My model consider also LUNGHEZZA and CRANIO as regressors, hence for these values I will consider the mean.
mean_lunghezza <- mean(data$Lunghezza, na.rm = TRUE)
mean_cranio <- mean(data$Cranio, na.rm = TRUE)
gender = 'F'
n_pregnancy = 3
weeks = 39
# Create a data frame with the required predictors
new_data <- data.frame(
Lunghezza = mean_lunghezza,
Cranio = mean_cranio,
Sesso = factor(gender),
Gestazione = weeks,
N.gravidanze = n_pregnancy
)
predicted_value <- predict(mod9, newdata = new_data)

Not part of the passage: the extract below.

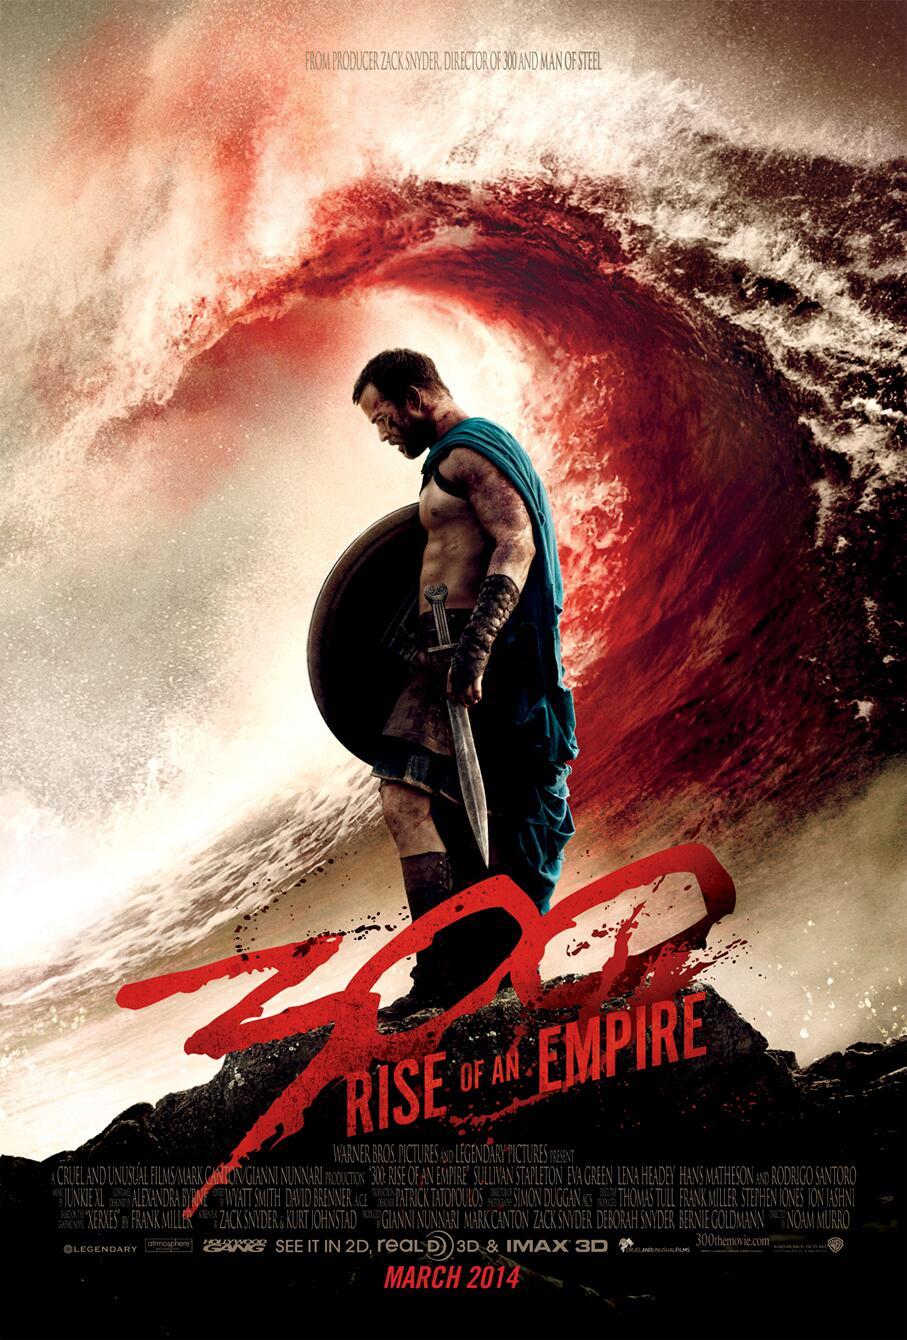 300-naissance-dun-empire-poster

# Convert to data frame and round the value
pred_table = data.frame(Predicted_Weight = round(predicted_value, 2))
kable(pred_table,
caption = "Predicted Birth Weight Based on Model 9",
col.names = c("Predicted Weight (grams)")) %>%
kable_styling(full_width = FALSE, bootstrap_options = c("striped", "hover"))
| Predicted Weight (grams) |
|---|
| 3270.18 |
As first visualization i would like to have an idea of the difference between observed values and those estimated by the model
data$predicted <- predict(mod9)
data$residuals <- residuals(mod9)
ggplot(data, aes(x = predicted, y = Peso)) +
geom_point(alpha = 0.4) +
geom_abline(slope = 1, intercept = 0, color = "red", linetype = "dashed") +
labs(x = "Predicted Weight", y = "Observed Weight",
title = "Comparison of Observed and Predicted Weight") +
theme_minimal()
From the plot we can notice how the model perform quite well for weight around the medium - high weights, but tends to underestimate the weight when the observed value is low. We can say that in case of low weights the model is not reliable.
Now, for example, we can check how the Gestazione feature affect the weight.
min(Gestazione)
## [1] 25
max(Gestazione)
## [1] 43
# Restrict gestation weeks from 25 to 43 in steps of 1
eff_gest <- ggpredict(mod9, terms = "Gestazione [25:43 by=1]")
ggplot(eff_gest, aes(x = x, y = predicted)) +
geom_line(color = "blue", linewidth = 1) +
geom_ribbon(aes(ymin = conf.low, ymax = conf.high),
fill = "blue", alpha = 0.2) +
labs(x = "Gestation Weeks",
y = "Predicted Birth Weight (grams)",
title = "Effect of Gestation Weeks on Predicted Birth Weight") +
theme_minimal()
As we would expect the weight increases wit the number of the gestation weeks, and we can also notice that we have a greater variability in low and high values, hence (as we could see also in the previous plot) the “extreme” values are very difficult to estimate. This is due to low and high values which are less represented in the dataset and also because in these areas the trend doesn’t appear to be linear.
Now we can see again the boxplot representing how the mother smoking feature affects the birth weight.
ggplot(data, aes(x = factor(Fumatrici), y = Peso, fill = factor(Fumatrici))) +
geom_boxplot(alpha = 0.7) +
scale_fill_manual(values = c("skyblue", "tomato"),
labels = c("Non-smoker", "Smoker")) +
labs(x = "Mother Smoking Status",
y = "Birth Weight (grams)",
title = "Birth Weight Distribution by Mother Smoking Status") +
theme_minimal()
We can see that it seems that a smoker mother will give birth to slightly lighter baby, but as we have already seen in the previous sections this feature is not statistically relevant.
To conclude, I can say that given the dataset and information provided we are not able to build a 100% satisfactory regression model. The model itself is quite good in the prediction, but has some difficulties with extreme values. These extreme values, not well explained by the model, causes also many problems in the residuals analysis, giving many leverages values, outliers and causing heteroskedasticity. We could try using more complex models then the simple linear regression, or maybe the best solution would be to restrict the use of this model within certain ranges.